GameStop recently reported surprisingly better-than-expected quarterly results. But according to Wedbush analyst Michael Pachter, the company has “practically no chance.” That’s what lies behind it.

• Wedbush analyst offers gloomy forecast for GameStop
• GameStop stock could soon come under pressure
• The company lacks a clear strategy

The US video game retailer GameStop reported its results for the third quarter of 2024 on December 10th. Despite a decline in sales, the price reaction on the stock market was positive as investor expectations were even lower. But the company still faces major challenges. According to MarketWatch, Wedbush analyst Michael Pachter writes in a note dated December 11, 2024 that GameStop has “virtually no chance” of “returning to profitability in its core business.”

GameStop has tried in vain in recent years to break free from its declining business model, which relied heavily on sales of video games and hardware. The continuous losses from operations and the questionable strategic decisions cast a shadow over the long-term future of the company.
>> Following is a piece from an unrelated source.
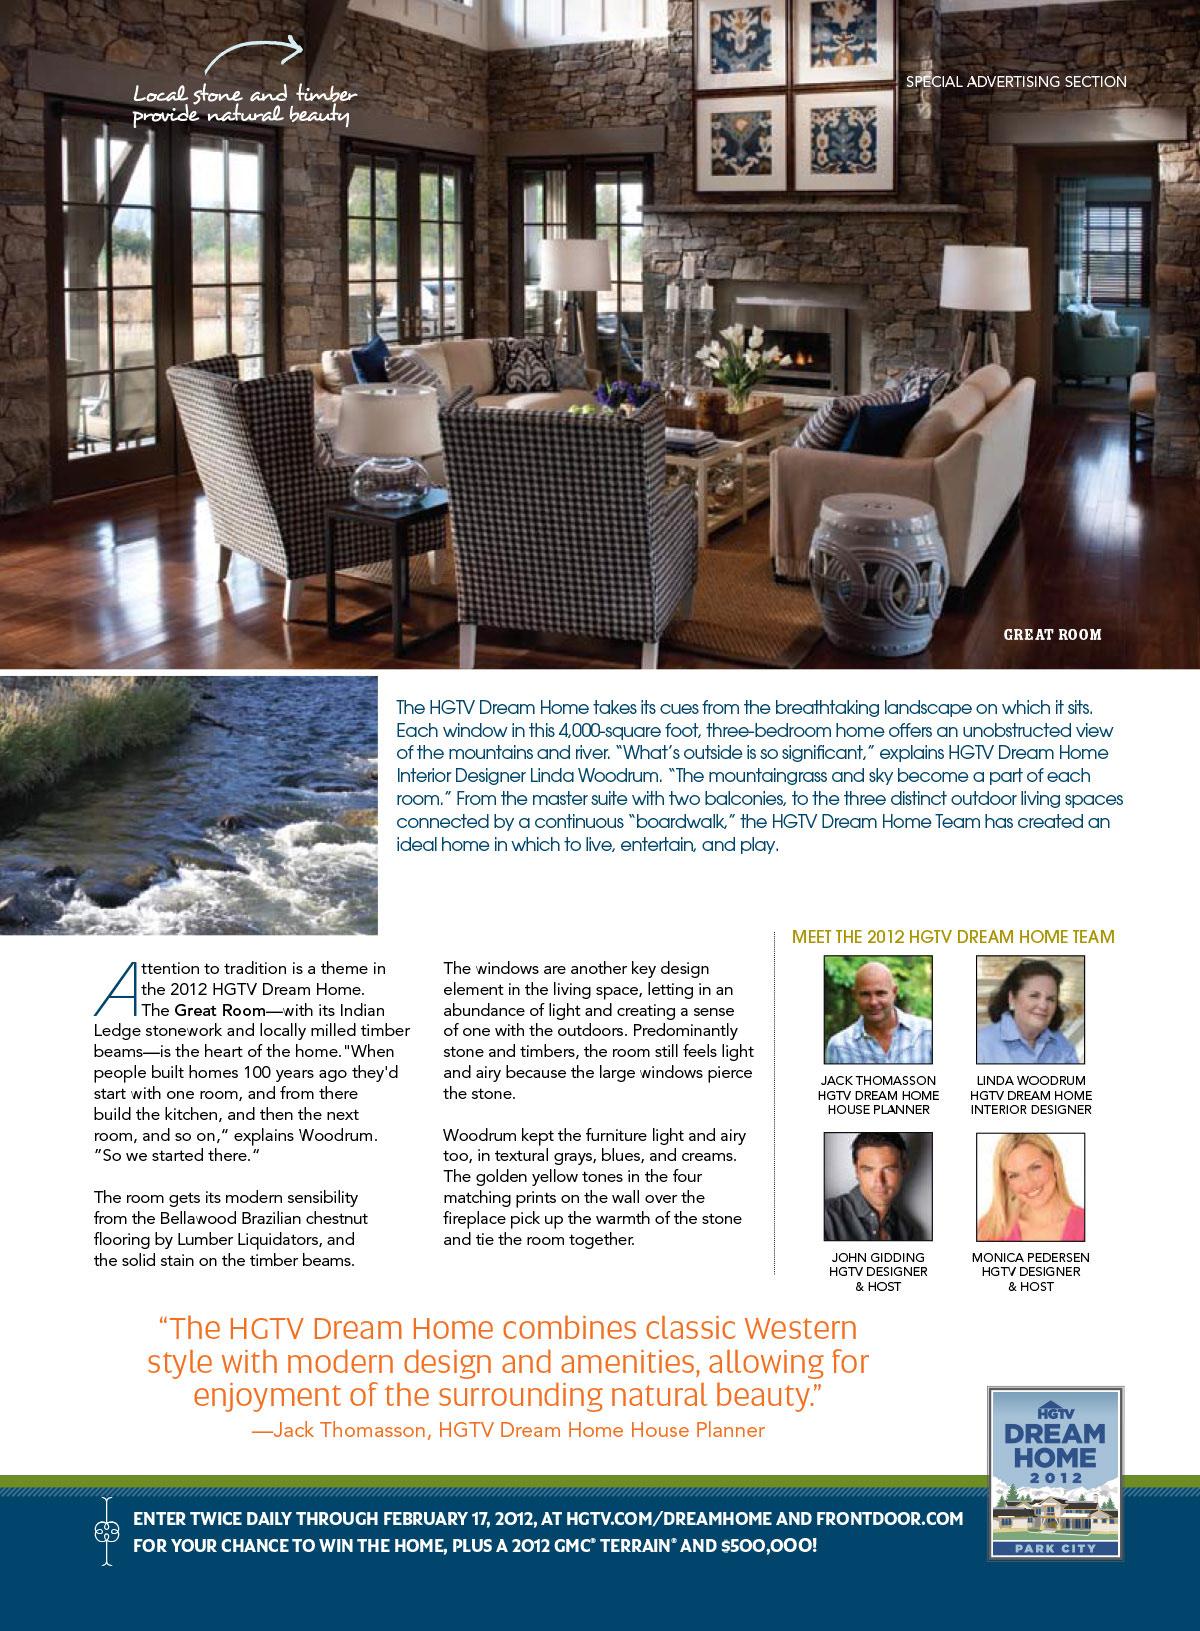 Lisa Minardi - HGTV Dream Home 2012

Although GameStop has “more than ten US dollars per share in cash”, there is “no clear strategy for using the capital sensibly,” said Pachter, according to MarketWatch.

Analyst warns: bleak future despite billions in cash reserves

Despite a solid cash balance of around $4.6 billion, which has increased significantly in the last twelve months, GameStop’s strategy is not working. “The company’s shares are trading at 30 times cash, while the business continues to make losses,” Pachter continued. This discrepancy between financial reserves and ongoing losses raises doubts among many analysts about the sustainability of the business model.

In another move, GameStop has closed more stores in a desperate attempt to cut costs and get back on the path to profitability. But according to Pachter, these measures are not enough: “His plans to enter the trading card business are striking in their vagueness.” The company is seeking to create a new revenue stream by entering the trading card market, but there is “no clear strategy to leverage the branches.” According to MarketWatch, Pachter describes the move as another attempt to move away from the core strategy, but without seeing a clear advantage. The trading card strategy is “wildly fragmented.”

“GameStop has a complete lack of competitive advantage in this new business,” warns Pachter, according to MarketWatch. The chances of the company becoming successful in this segment are slim. Pachter sees the failed attempts of the last few years as harbingers of an unsuccessful future.

Despite price gains: GameStop shares in danger?

Although corporate profits in the third quarter of 2024 were better than initially expected, these are little consolation given the long-term difficulties. Operating loss for the quarter was $33.4 million, a significant deterioration compared to the previous year. Adjusted, the loss was $24.6 million. “While GameStop has more than $10 per share in cash, continued operating losses are resulting in a subpar return and the stock should reflect that fact,” Pachter continued.

Wedbush has therefore lowered the price target for GameStop shares to ten US dollars and maintained the “underperform” rating. The stock could come under further pressure given continued financial problems and unclear future prospects.

Investors worried: Will GameStop turn things around?

GameStop is still looking for a long-term viable strategy. Recent attempts to enter the trading card market could potentially be a risky decision. It remains to be seen to what extent the new business model will significantly improve operational profitability and whether GameStop can survive in the long term.

Editorial team finanzen.net

This text is for informational purposes only and does not constitute an investment recommendation. finanzen.net GmbH excludes any claims for recourse.